Service continuity: the capability of the service provider to continue service operation at acceptable predefined levels following a disaster event or disruptive incident.
Business impact analysis (BIA): a key activity that identifies Vital Business Functions (VBFs) and their dependencies.
Vital business function (VBF): a capability or function of a business process that is required to ensure the success of the business.
Service continuity plans: a set of clearly defined plans describing how an organization will recover from a disaster and return to a pre-disaster condition, considering the four dimensions of service management.
Recovery Objectives
Two critical metrics define recovery expectations:
| Metric | Definition | Example |
|---|---|---|
| Recovery Time Objective (RTO) | Maximum acceptable time to restore service after disaster | Payment processing must be restored within 4 hours |
| Recovery Point Objective (RPO) | Maximum acceptable data loss measured in time | No more than 1 hour of transactions may be lost |
RTO and RPO drive costs. Shorter recovery objectives require more investment in redundancy, backup systems, and failover infrastructure. Organizations must balance their appetite for risk against the cost of achieving aggressive recovery targets. The BIA helps determine which services justify the highest investment.
Processes
Business Impact Analysis
- VBF identification: Determine which business functions are vital.

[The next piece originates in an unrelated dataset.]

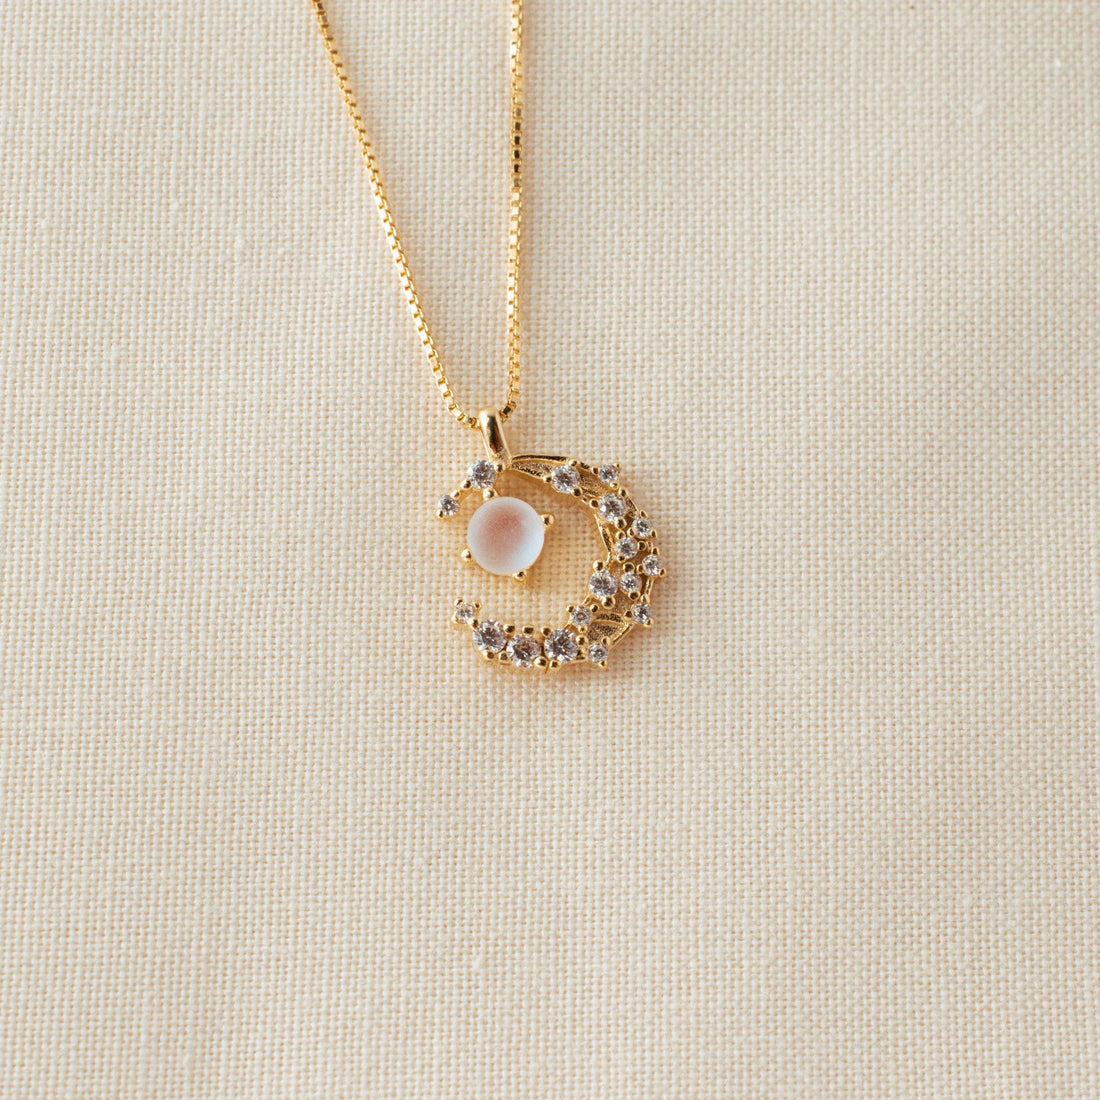 Sparkling Moon Necklace | avantejewel.com

- Analyse the consequences of disruption: Assess financial, operational, and reputational impact.
- VBF interdependencies identification: Map dependencies between vital functions and supporting services.
- Determination of service continuity requirements: Define RTO and RPO for each vital function.

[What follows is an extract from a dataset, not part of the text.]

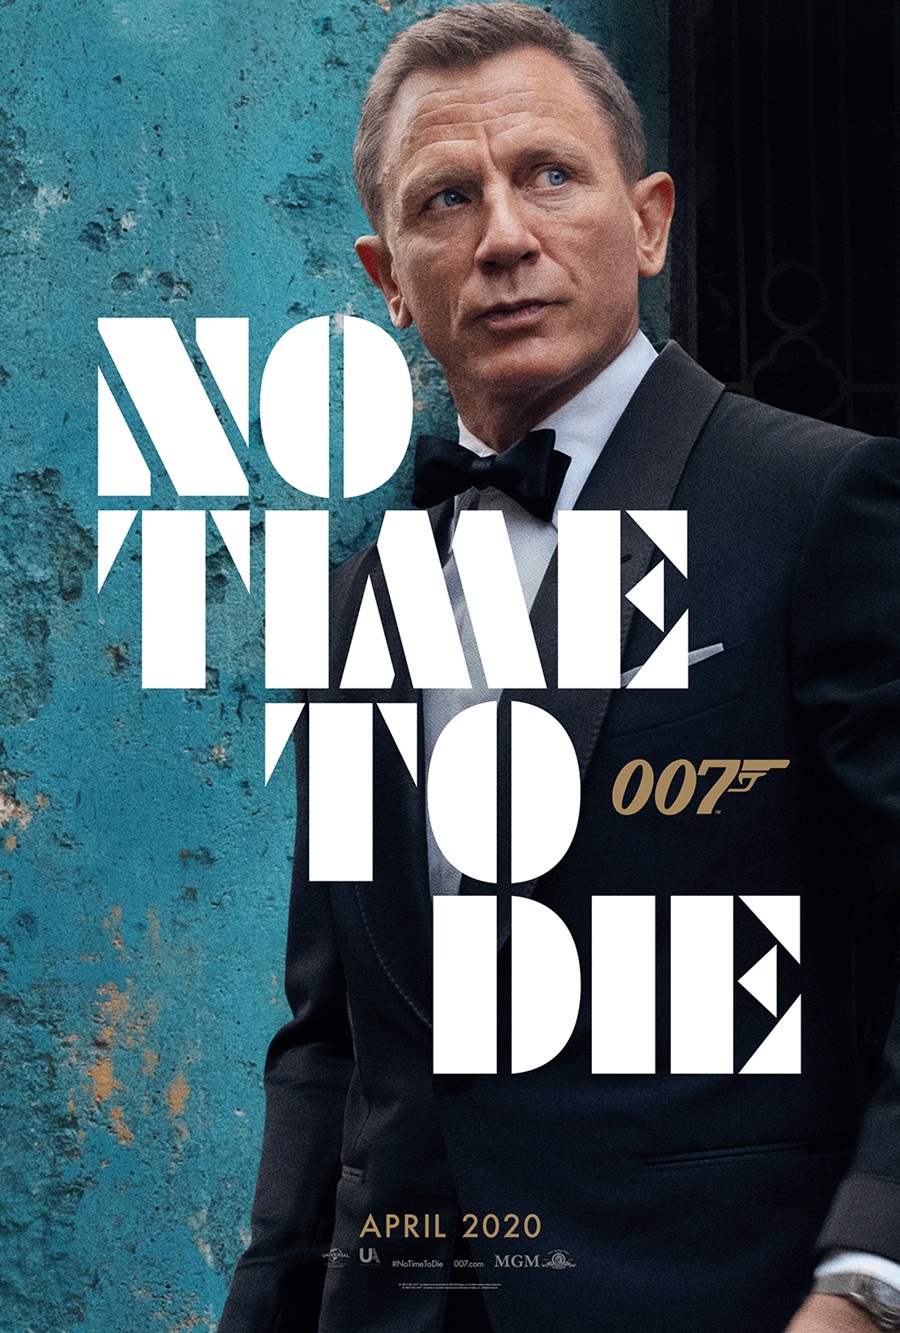 '007  Ÿ  ' ۷ι ̹  / : Ϲ Ľ

Developing, Exercising, and Maintaining Service Continuity Plans
- Scope definition: Define which services and functions are covered.
- Policy setting: Establish continuity policies and governance.
- Service continuity strategies development: Select appropriate strategies (hot standby, warm standby, cold standby, reciprocal arrangements).
- Service continuity plans development: Create detailed step-by-step plans.
- Awareness and exercise programme development: Design training and testing programmes.
- Performing exercises: Test plans through tabletop exercises, simulations, and full tests.
- Service continuity audit: Review plan effectiveness and compliance.
Response and Recovery
- Invocation: Formally activate the continuity plan when a disaster is declared.
- Executing service continuity plans: Follow the plan to restore services.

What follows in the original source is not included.